_WHAT YOU HAVE TO DO_
When you copy the listing, reproduce each line as it appears and omit every image.

_RECORDED DATA_
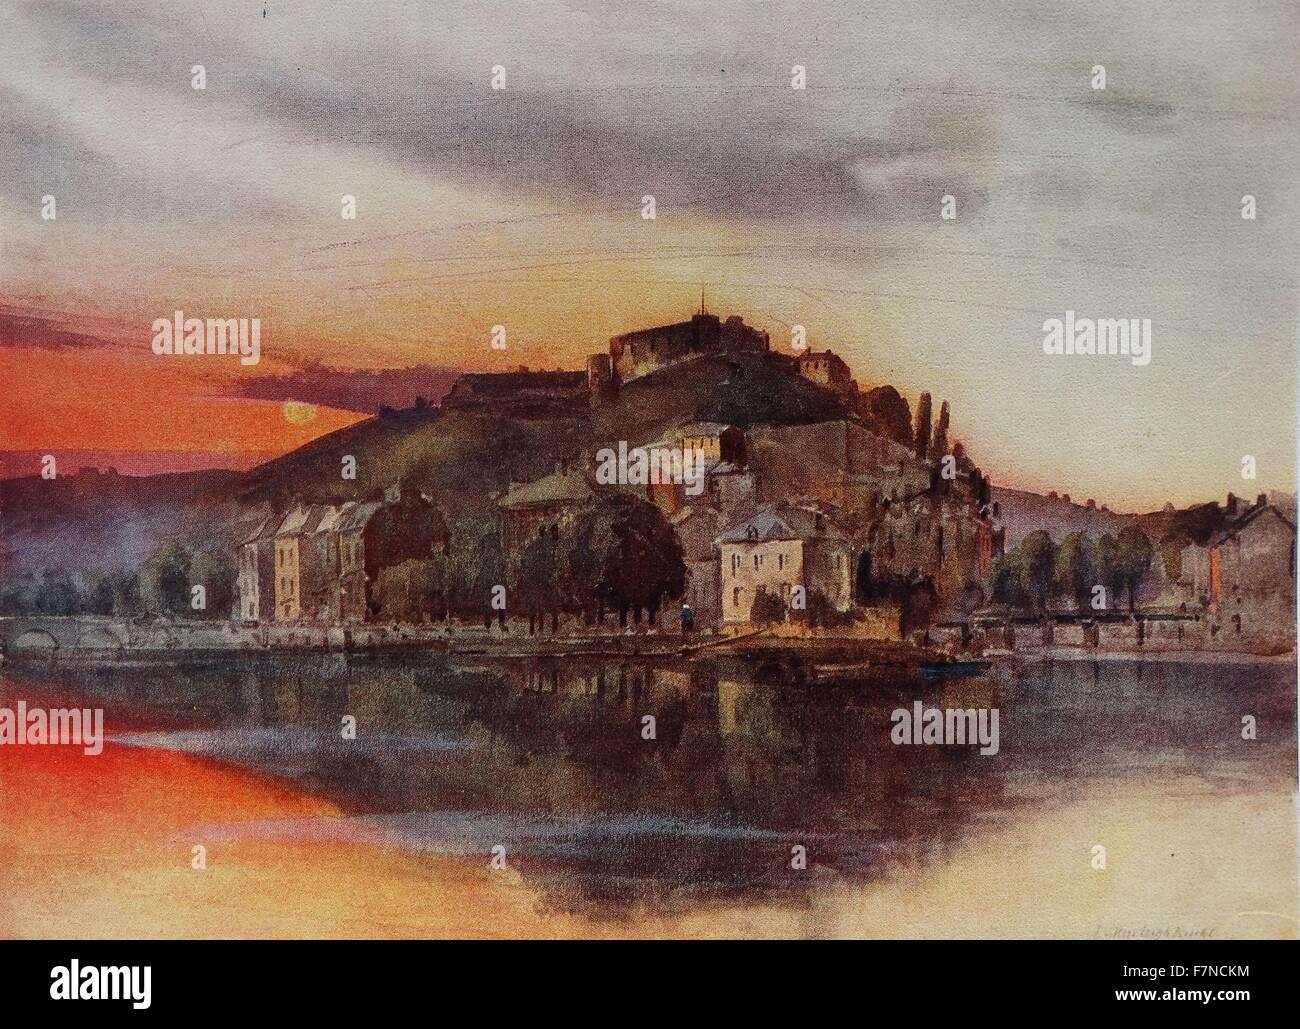 View of Namur and its citadel; Belgium 1914 - Stock Image
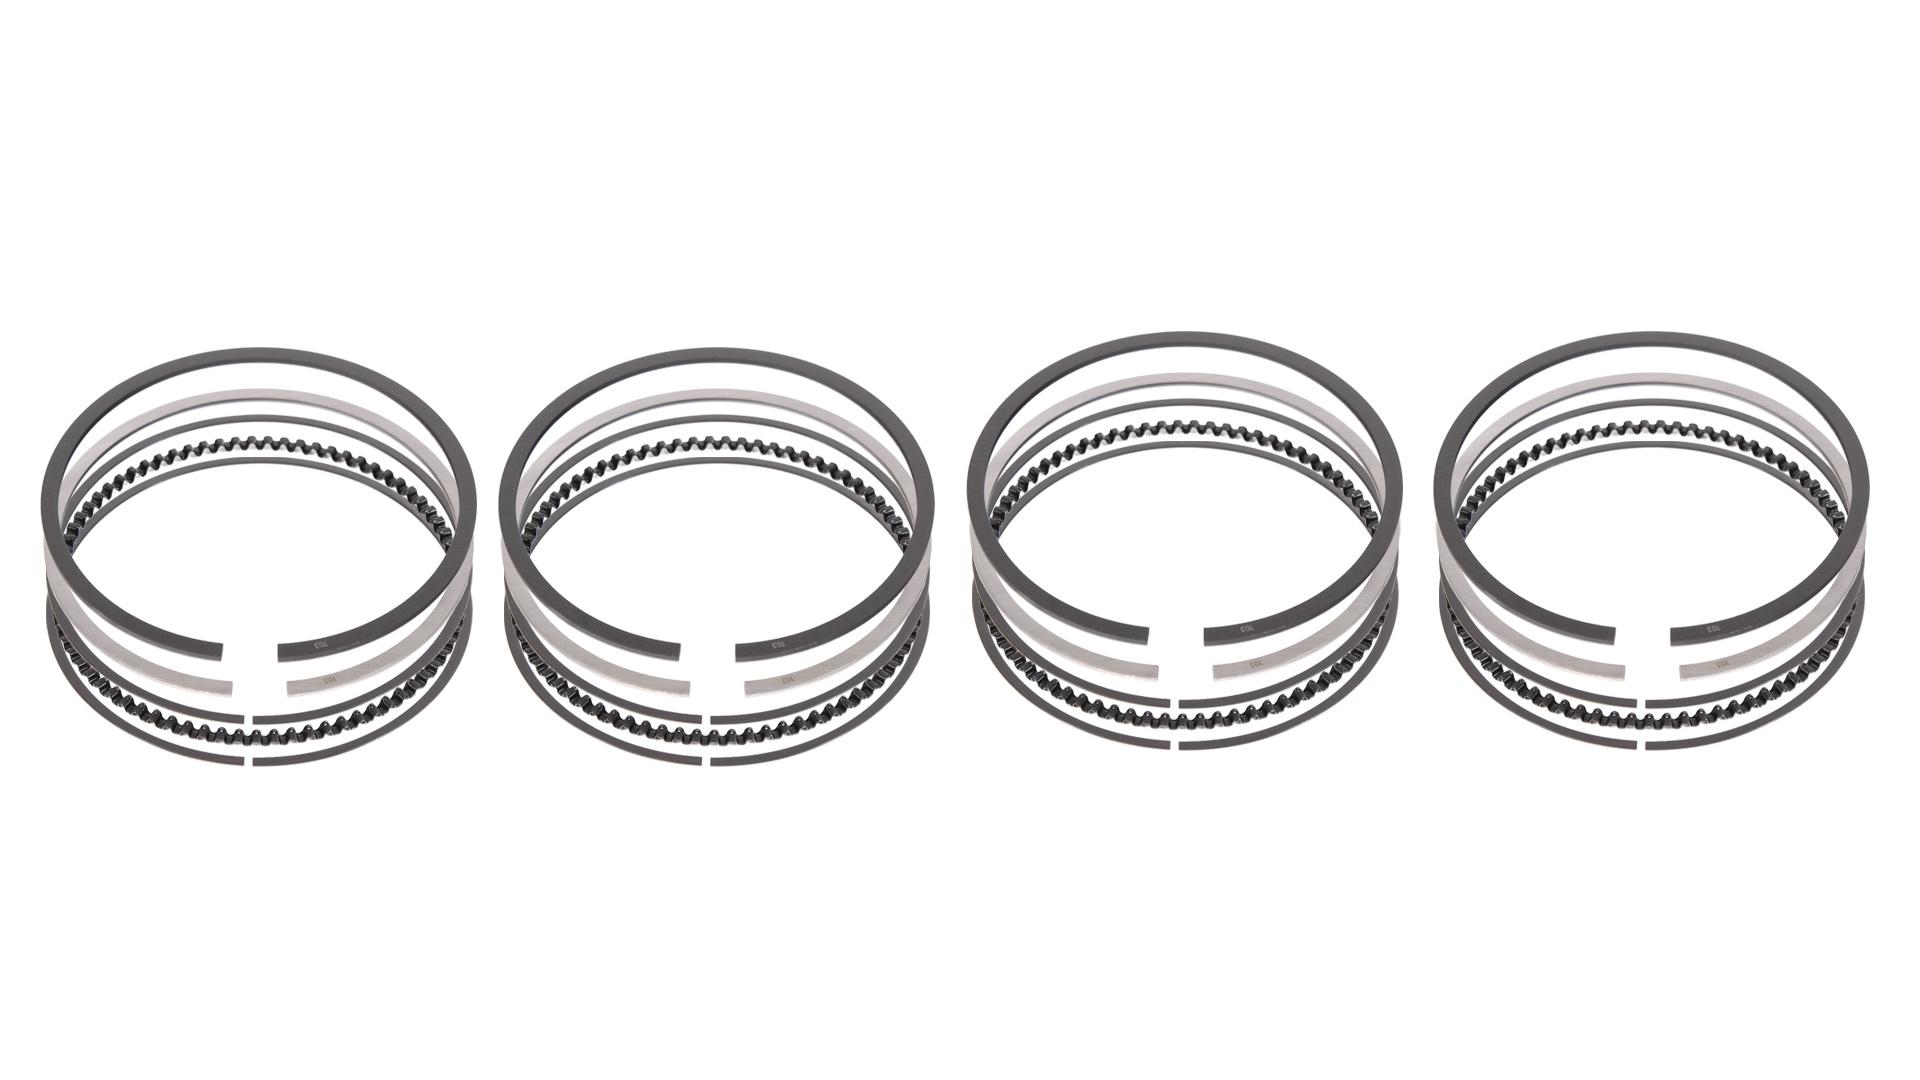 4x anneau de Piston jeu de Segments de piston Audi Seat Skoda VW A2 1,4 16V AUA 030198151E NOUVEAU
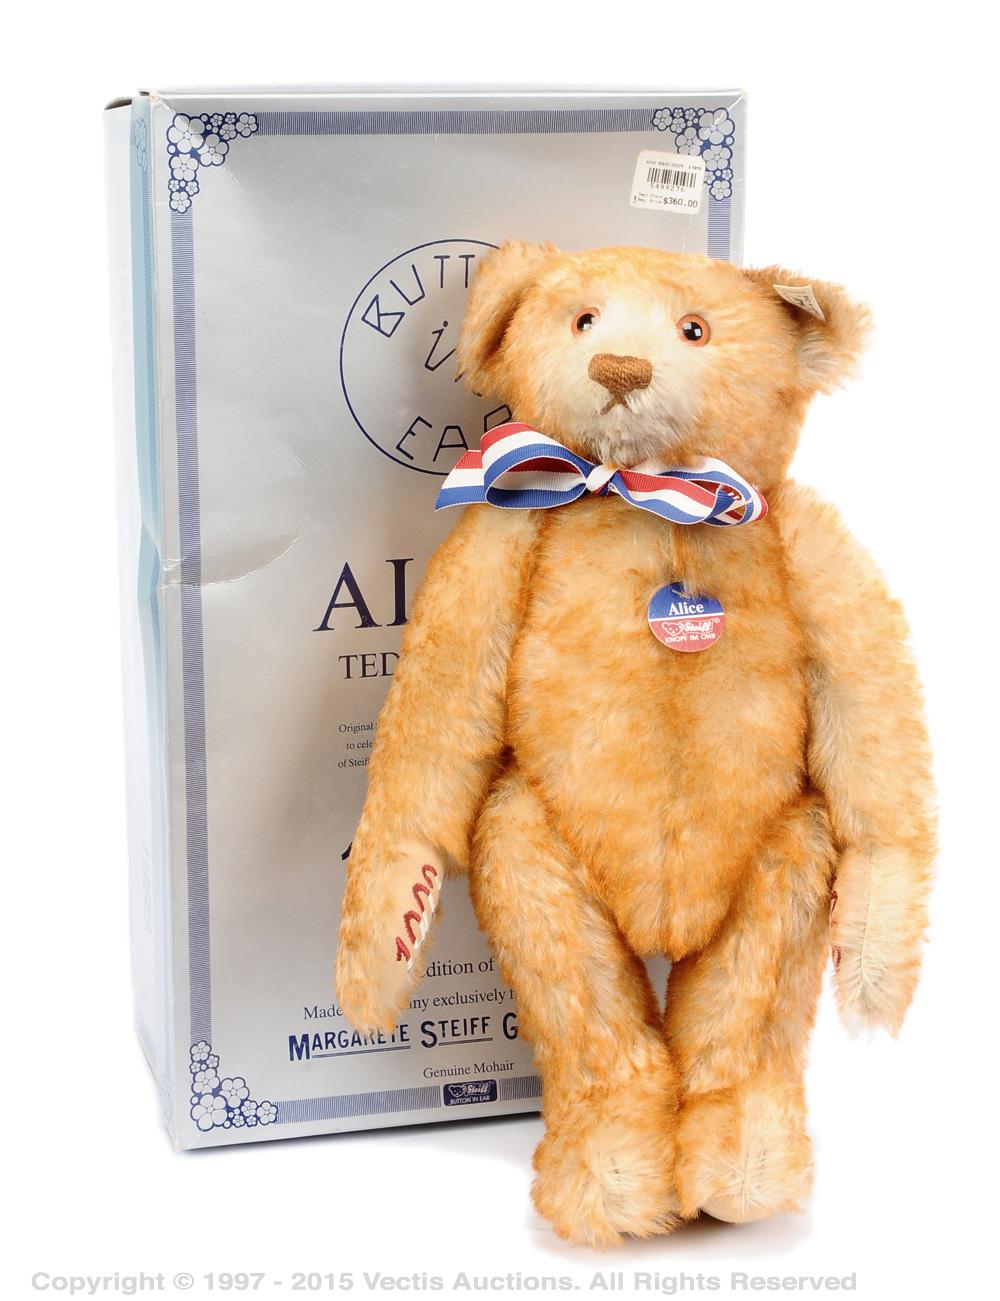 dolls teddy bears tinplate sale. Black Bedroom Furniture Sets. Home Design Ideas
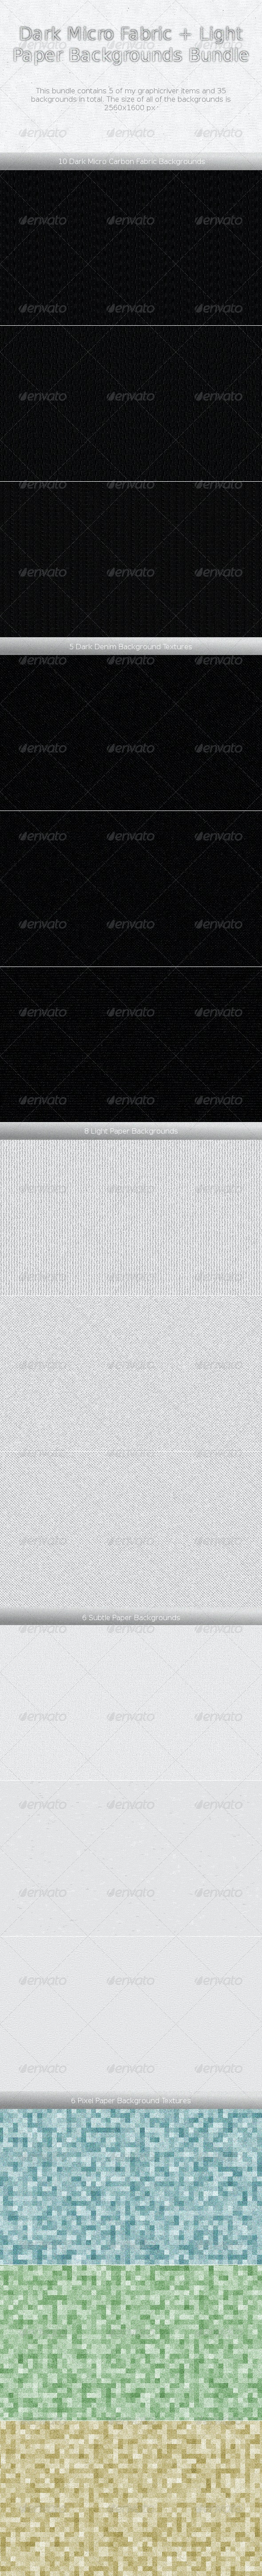 Dark Micro Fabric + Light Paper Backgrounds Bundle - Miscellaneous Backgrounds
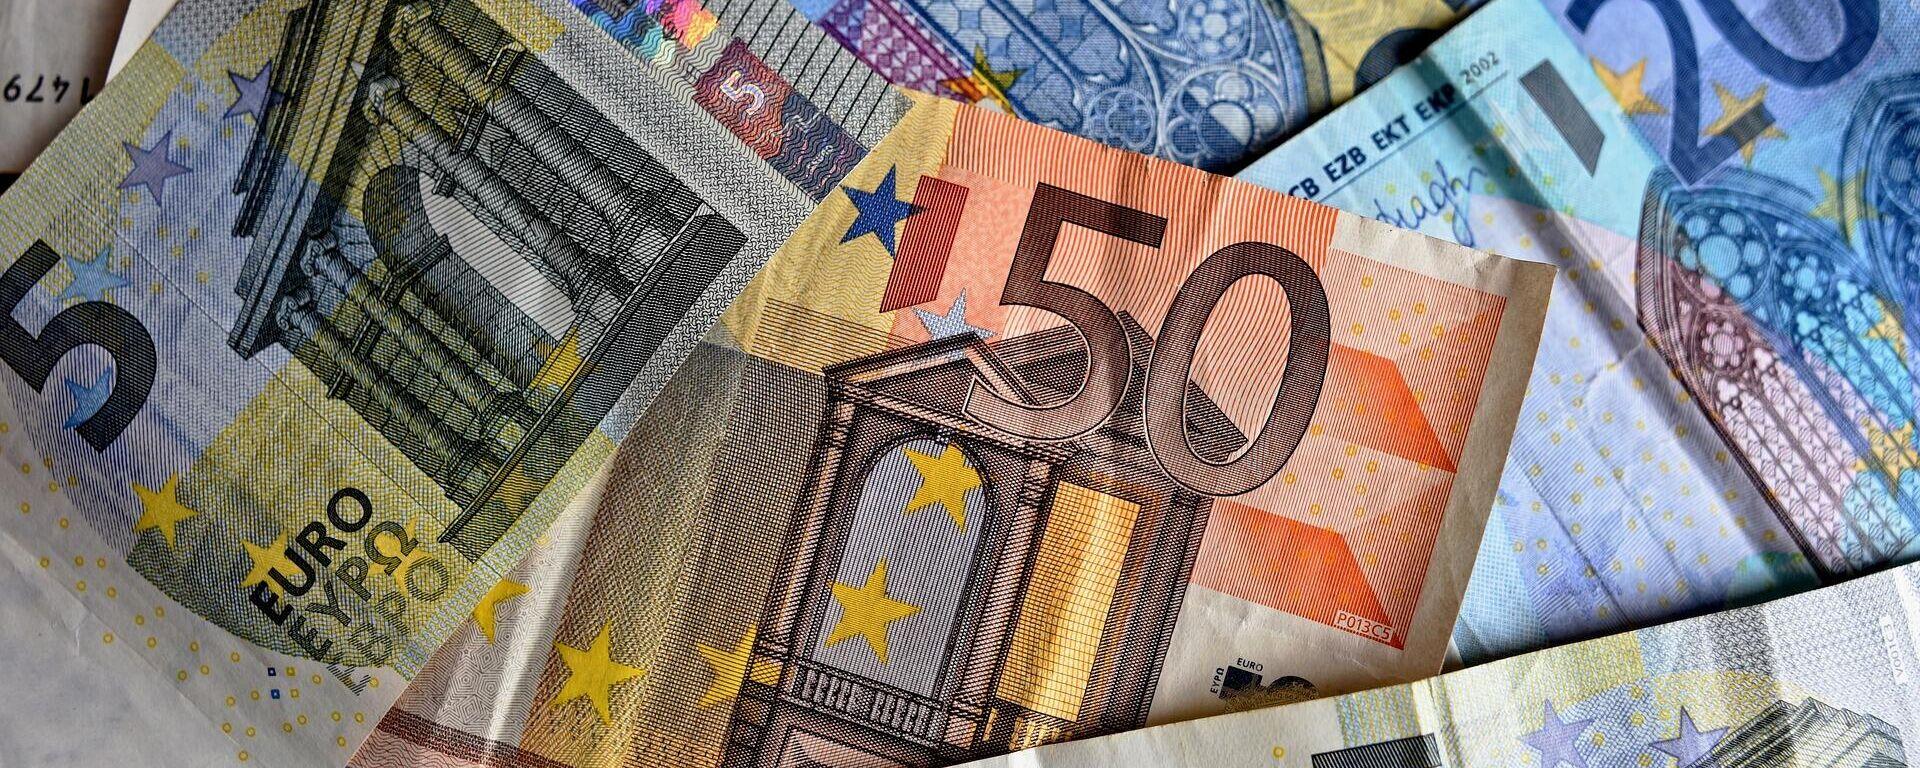 Euro (Symbolbild) - SNA, 1920, 27.05.2021

_WRITTEN ANSWER_
 View of Namur and its citadel; Belgium 1914 - Stock Image
 4x anneau de Piston jeu de Segments de piston Audi Seat Skoda VW A2 1,4 16V AUA 030198151E NOUVEAU
 dolls teddy bears tinplate sale. Black Bedroom Furniture Sets. Home Design Ideas
 Dark Micro Fabric + Light Paper Backgrounds Bundle - Miscellaneous Backgrounds
 Euro (Symbolbild) - SNA, 1920, 27.05.2021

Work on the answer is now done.